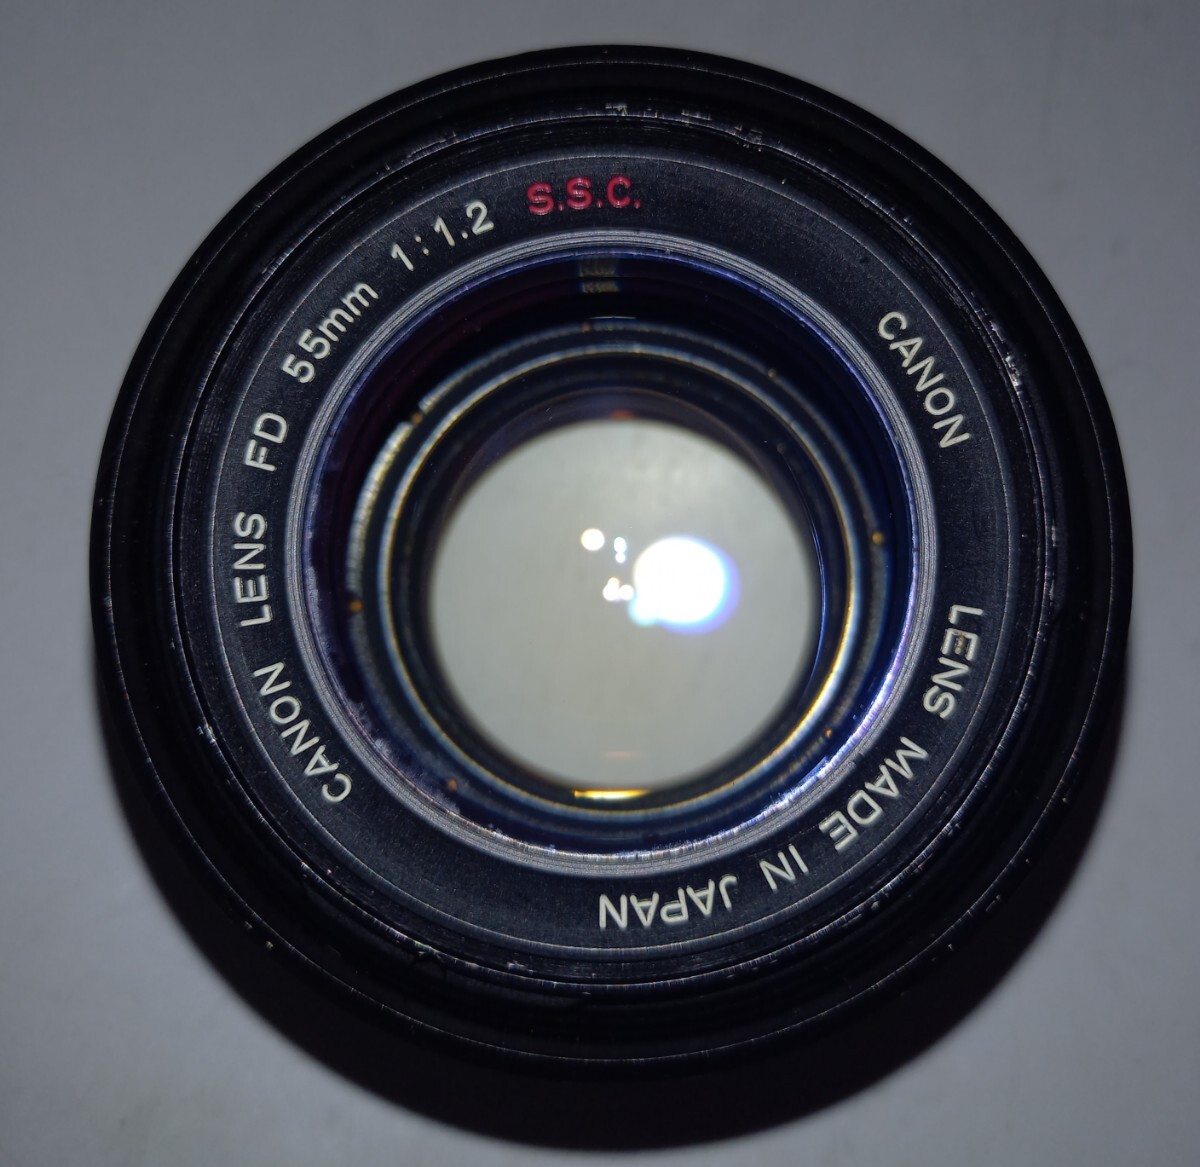 ■ Canon LENS FD 55mm F1.2 S.S.C. カメラ レンズ 単焦点 マニュアルフォーカス キャノン_画像7
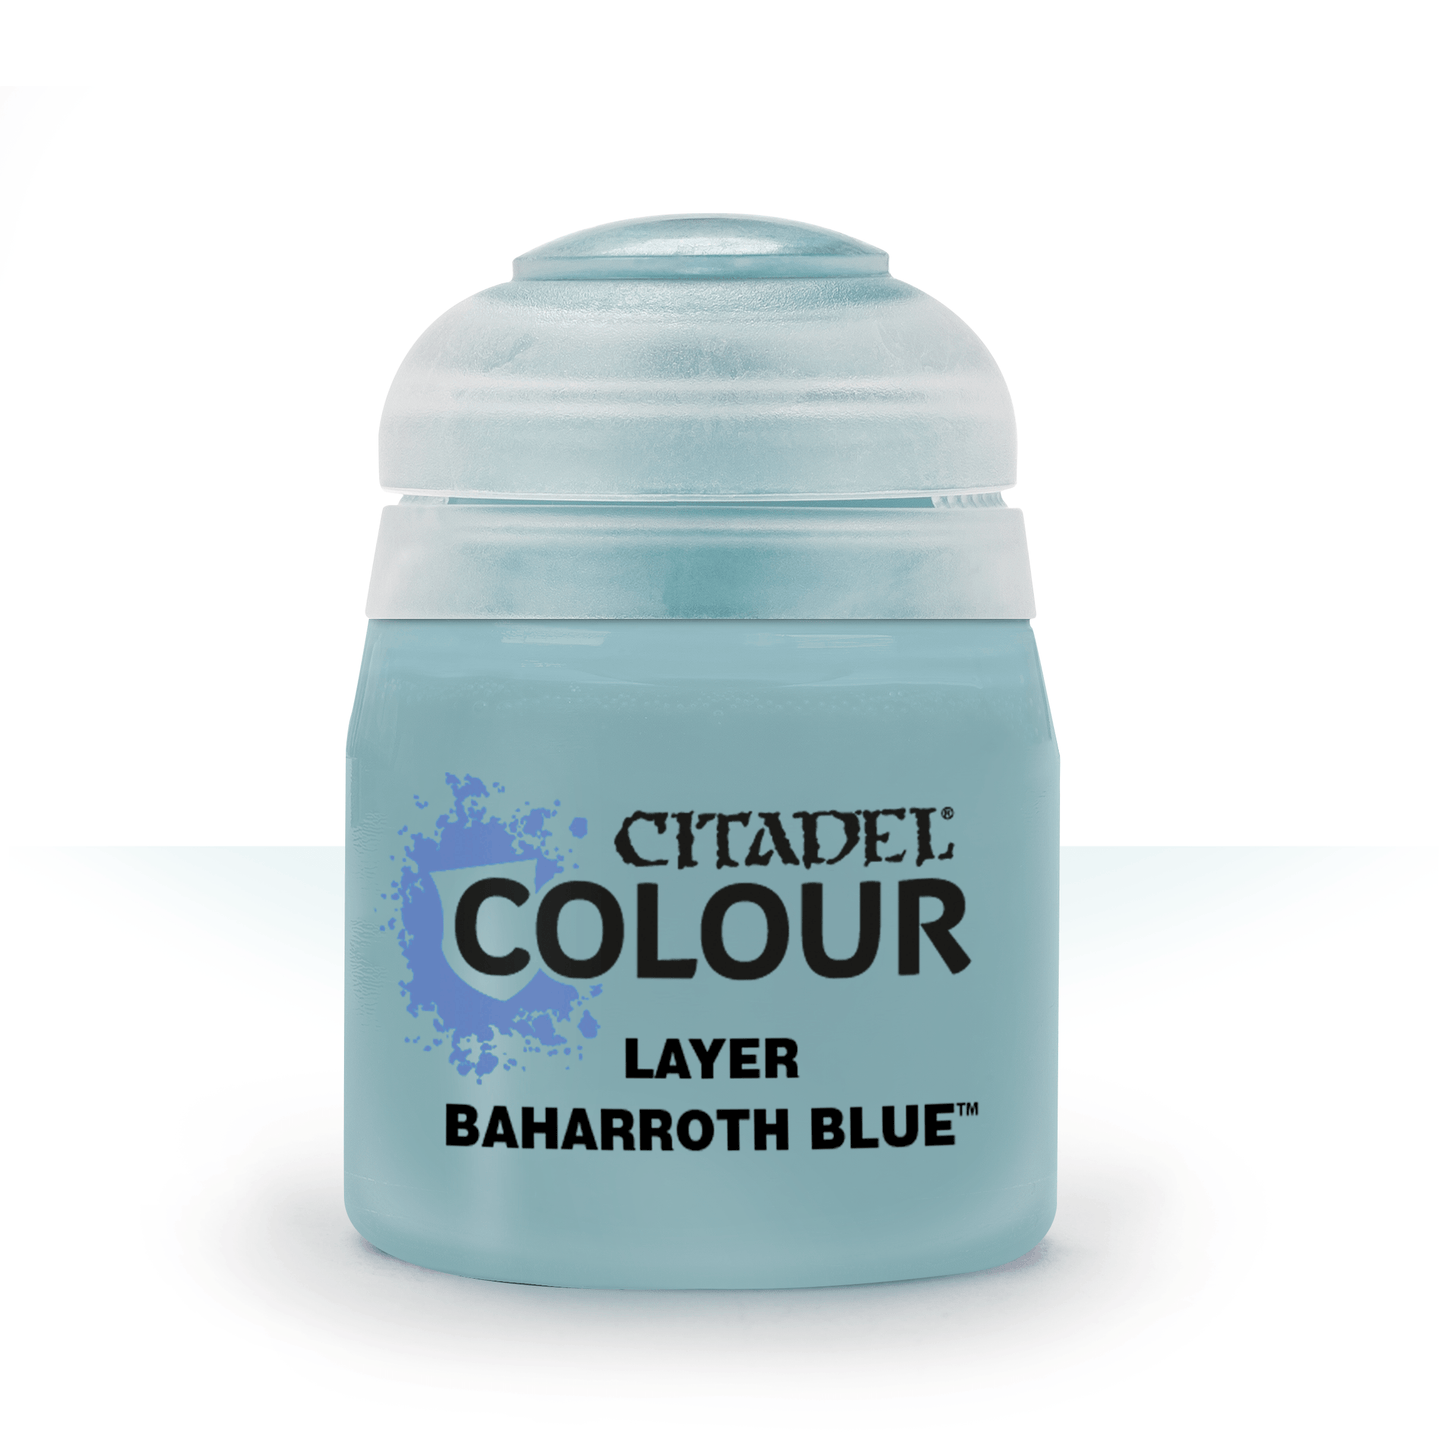 Citadel Colour - Baharroth Blue Layer Paint
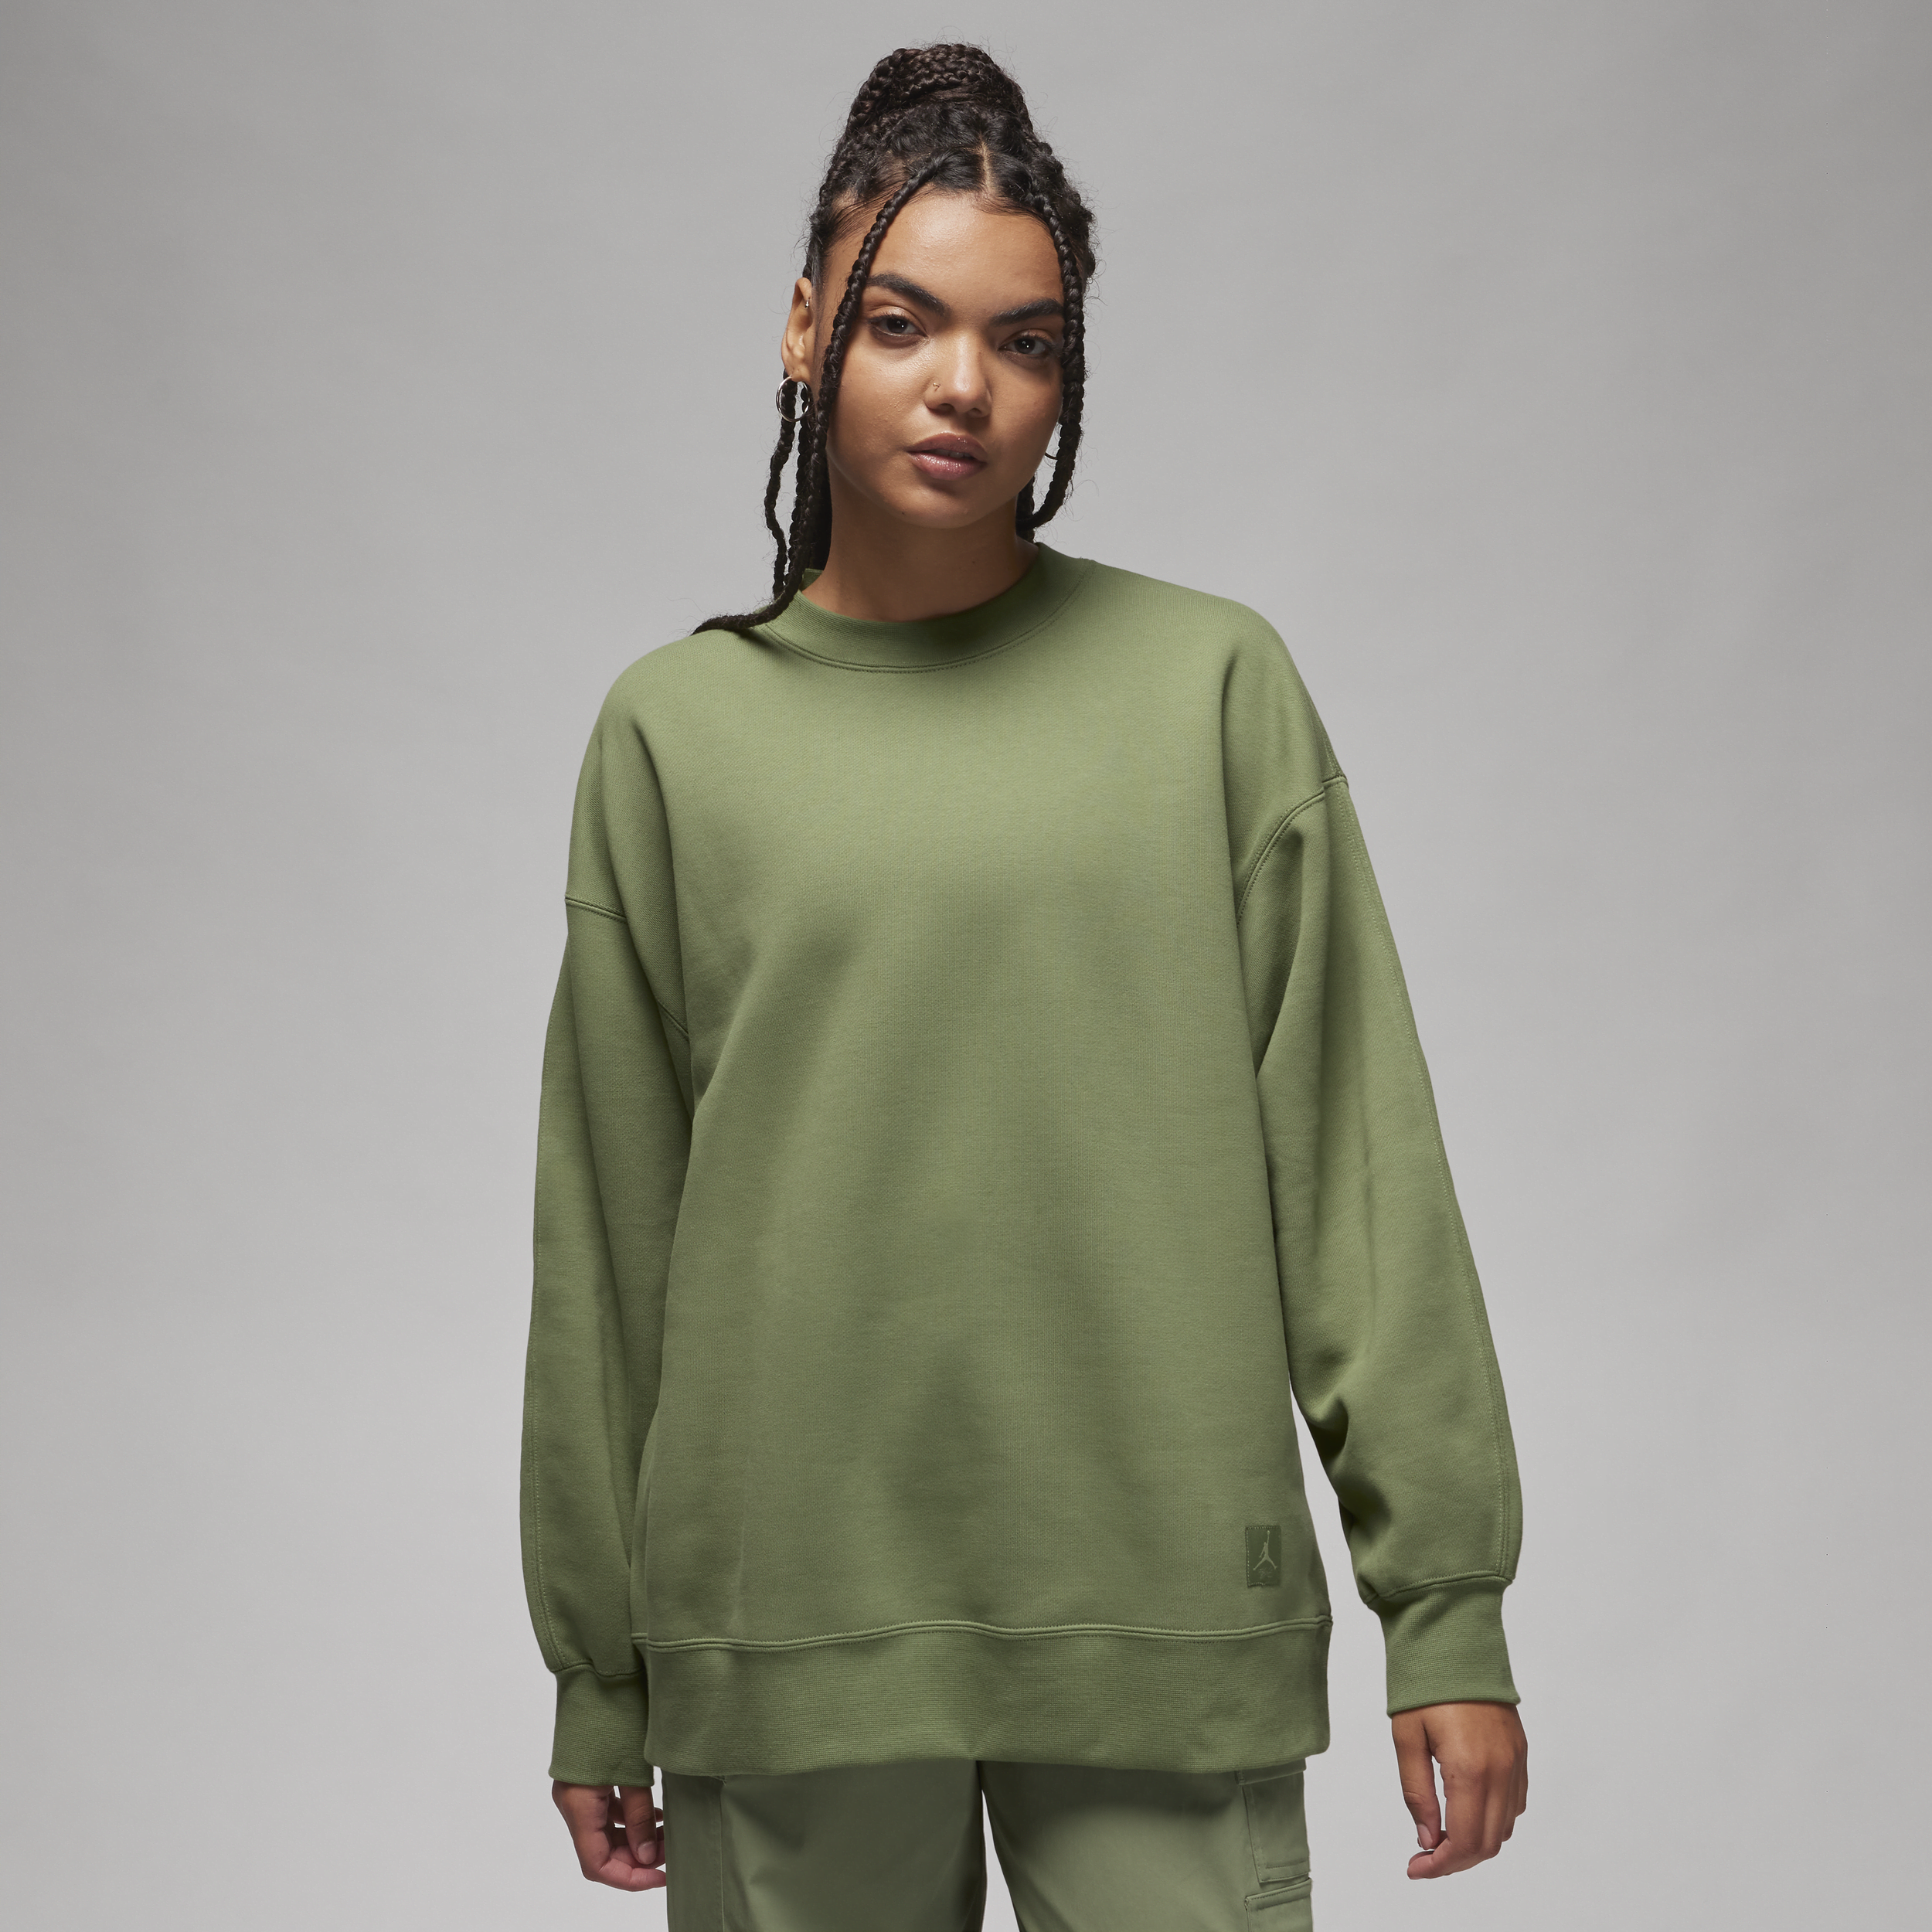 Jordan Flight-sweatshirt i fleece med rund hals til kvinder - grøn
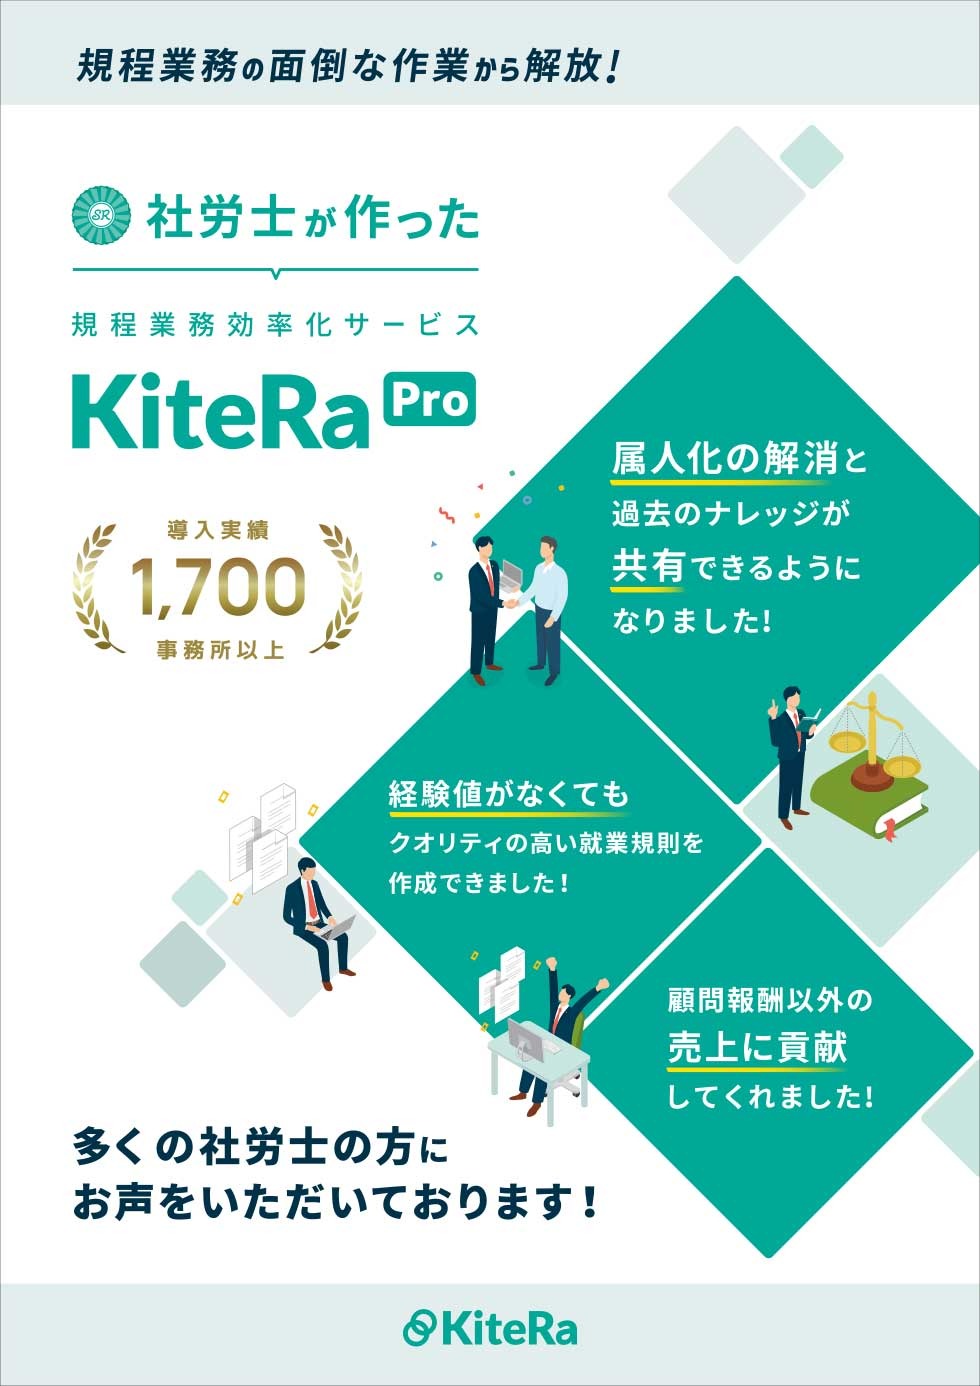 KiteRa Proのご案内

=====

Directions for this task
Write the listing above out again word for word, excluding all images.

Answer space
 ■ Canon LENS FD 55mm F1.2 S.S.C. カメラ レンズ 単焦点 マニュアルフォーカス キャノン_画像7
 Citadel Colour - Baharroth Blue Layer Paint
 Jordan Flight-sweatshirt i fleece med rund hals til kvinder - grøn
 KiteRa Proのご案内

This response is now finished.